Where temppages is a number of the pages required for preservation the internal attitude{relation}. In this formula it is supposed, that during merge each page of the internal attitude{relation} will be schitytvat`sja only once. It is interesting to notice, that the estimated formula for connections by a method of the enclosed cycles and the estimated formula for connection by a method of scanning with merge are, in essence, identical. The reason of that scanning with merge in some cases appears better the enclosed cycles, will be, that cost of internal scanning can be much less. After sorting the internal attitude{relation} is klasterizovannym on stolbcu connections that conducts to minimization of number of readings of pages, and it is not necessary to scan all vnutrenee the attitude{relation} (in search of conformity) for each train of the external attitude{relation}.

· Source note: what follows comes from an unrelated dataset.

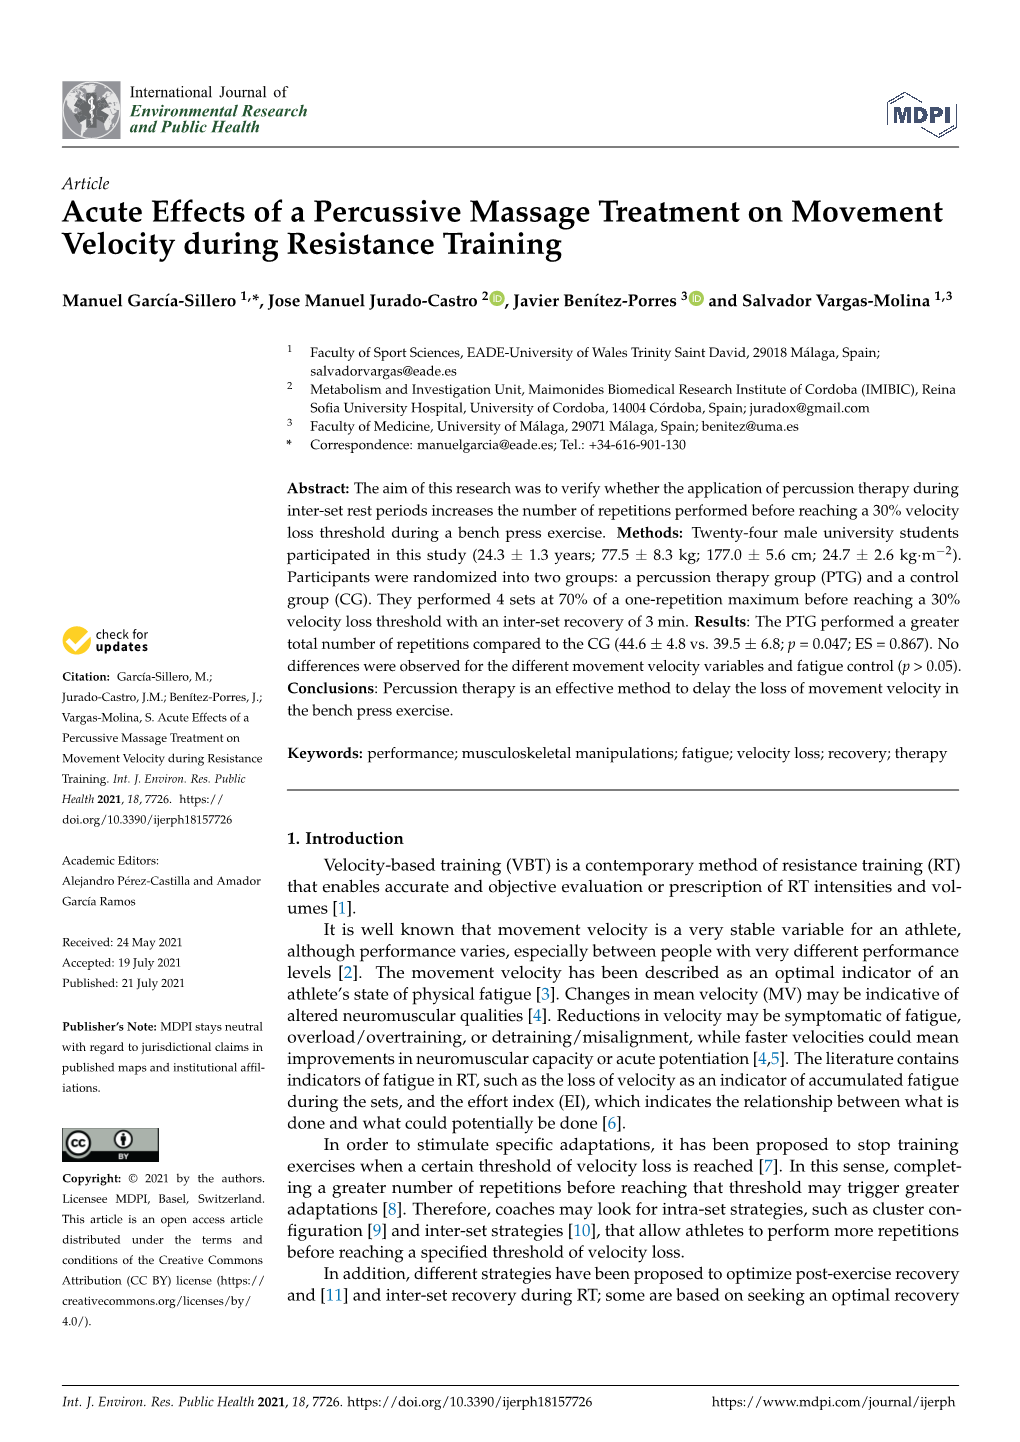 Acute Effects of a Percussive Massage Treatment on Movement Velocity During Resistance Training
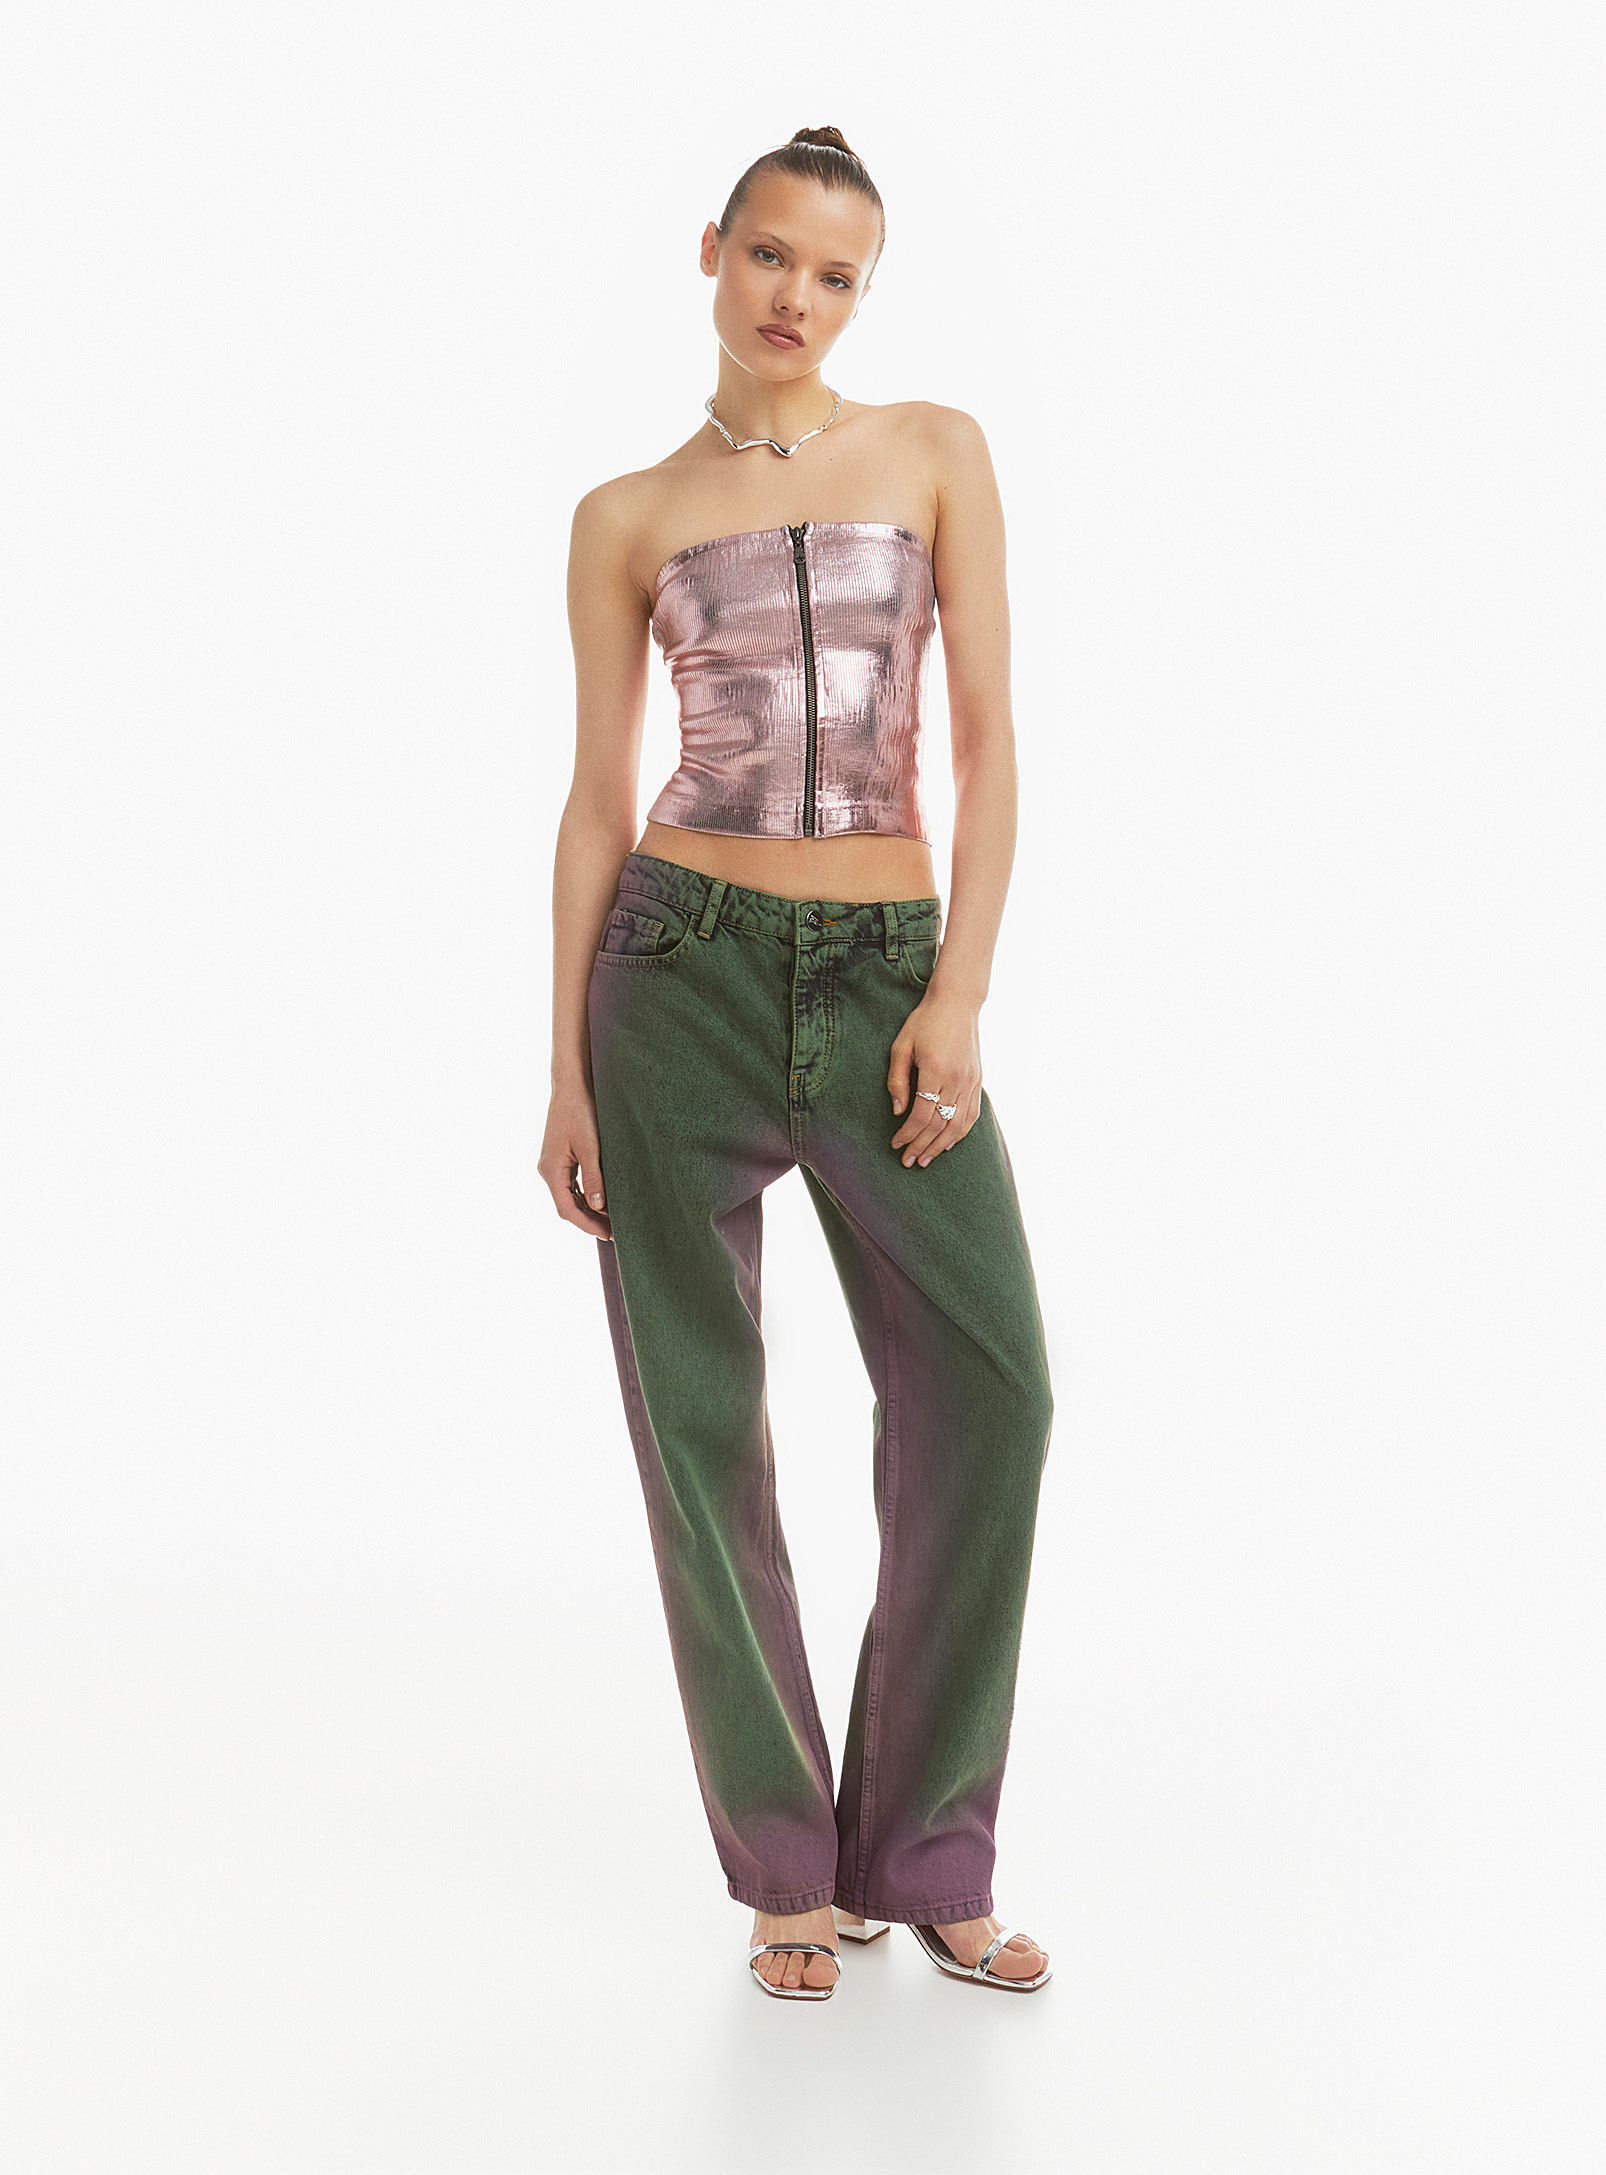 Basic Pleasure Mode - Women's Faded pink and green straight-leg jean

Cost of sorting of the attitude{relation} csort (path) includes cost of sample of the data with use of the specified way of access, sorting of the data which can include some passes, and premises{rooms} of results in the temporary list. We shall notice, that before sorting the internal table local predicates can be applied only. Besides if it is required to sort compound result all compound attitude{relation} should be saved in the time attitude{relation} before it{he} can be sorted. Cost of an insert of compound trains before sorting is included in the time attitude{relation} in c-sort (path).